We're compressing months into weeks. But will we reclaim the time, or just fill it with more work?

December 20, 2025 / AI

Where do we actually go from here?

I built a system that cut three months of work down to a couple of weeks. Then I tried to cut it further - and that’s when I stopped and asked myself: why?

The Year the Doubt Died

If 2024 was the year AI became impressive, 2025 was the year it became undeniable. Not just to technologists or early adopters, but to everyone.

The numbers tell the story. Over 54% of adults now use generative AI - higher than personal computer adoption was three years after the IBM PC launched. Three out of four knowledge workers have integrated AI into their daily tasks. In Africa, the conversation has shifted from “should we adopt AI?” to “how do we build our own?” - with over 2,400 startups now building AI infrastructure across the continent.

Yes, there will always be holdouts. The “hardcore idealists” who insist this is all hype, that the bubble will burst, that we’ve seen this before. And maybe they’re right about some things.
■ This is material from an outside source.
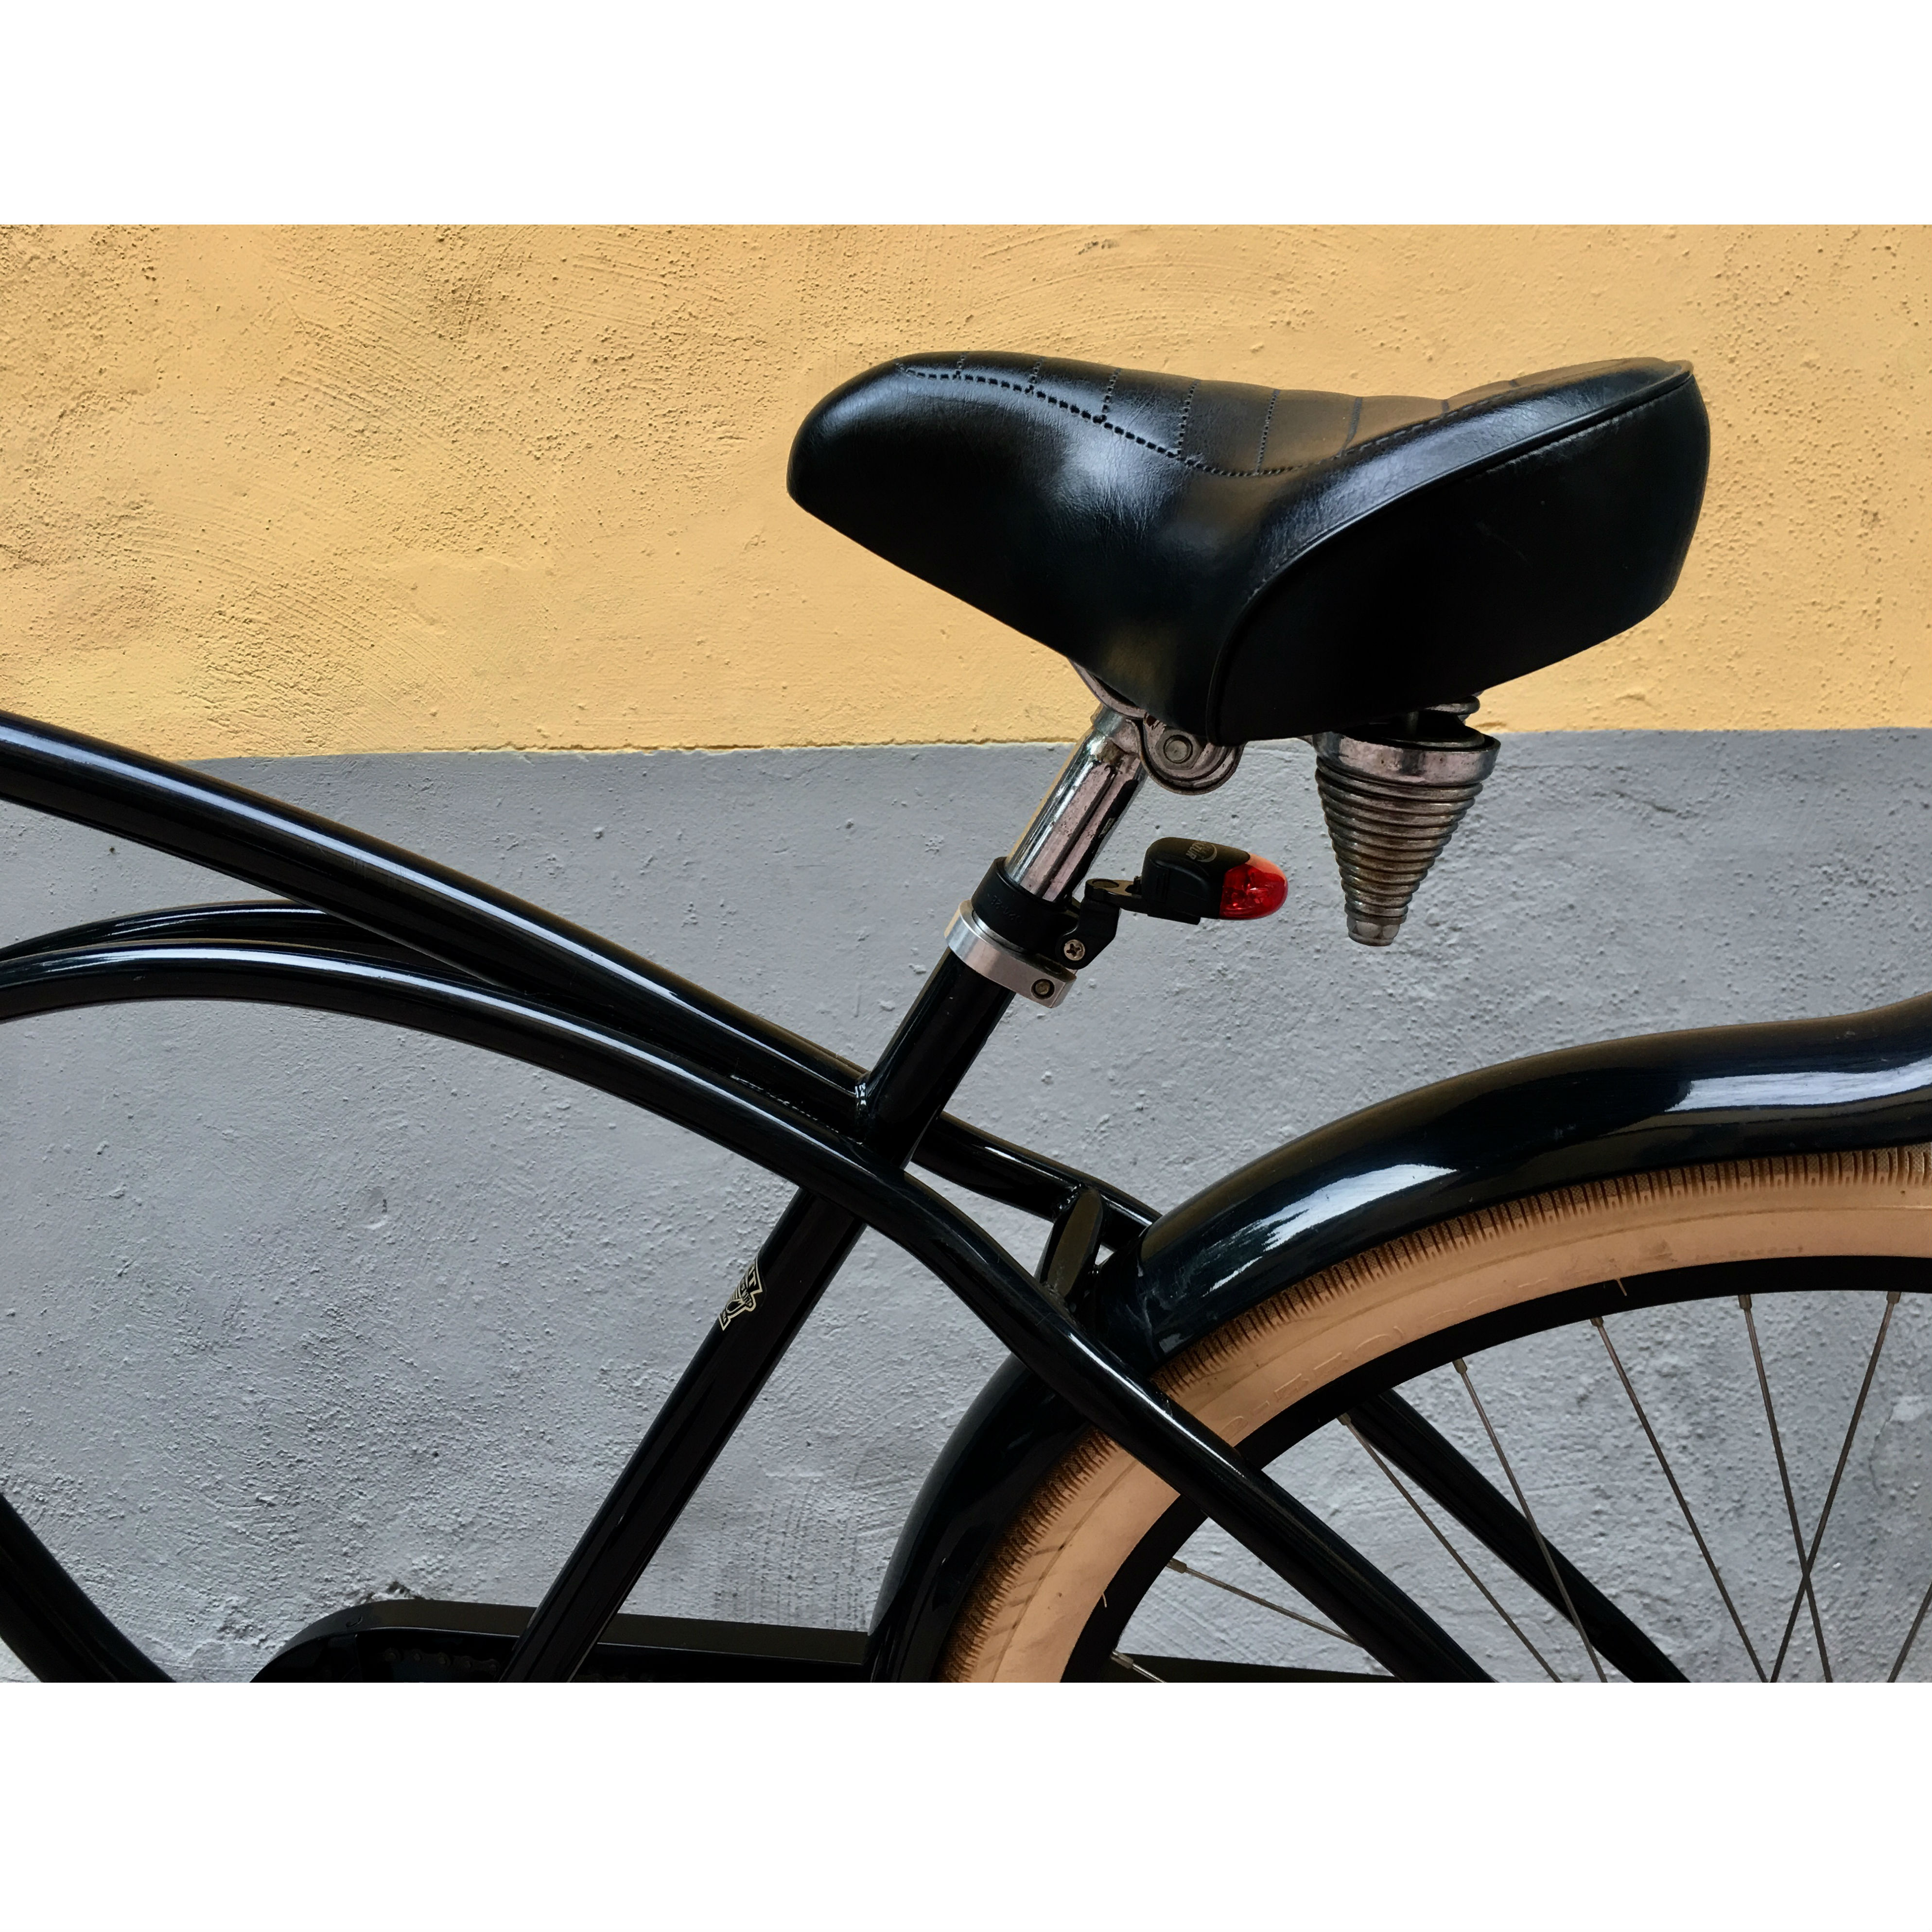 Bicicletta Americana Biciclette Vintage Bogys50s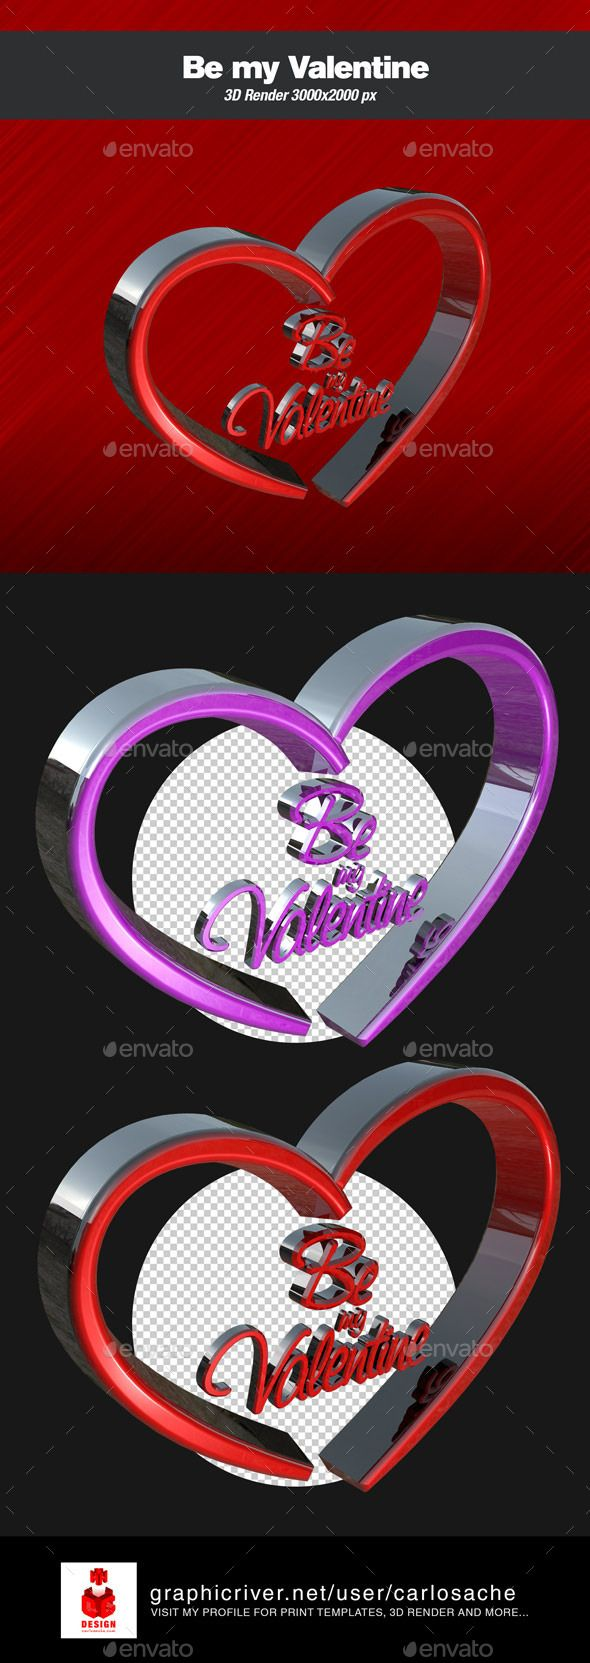 Be my Valentine - 3D Render Text

But the trajectory is clear. We’re only scratching the surface of what’s coming.

The Compression

Here’s what’s actually happening on the ground: timelines are collapsing.

What used to take months now takes weeks. What took years now takes months. An MVP that once required six months of development? One month. Maybe less. Microsoft’s CEO says AI tools are now writing 30% of their new code. Developers are shipping features in hours that used to take sprints.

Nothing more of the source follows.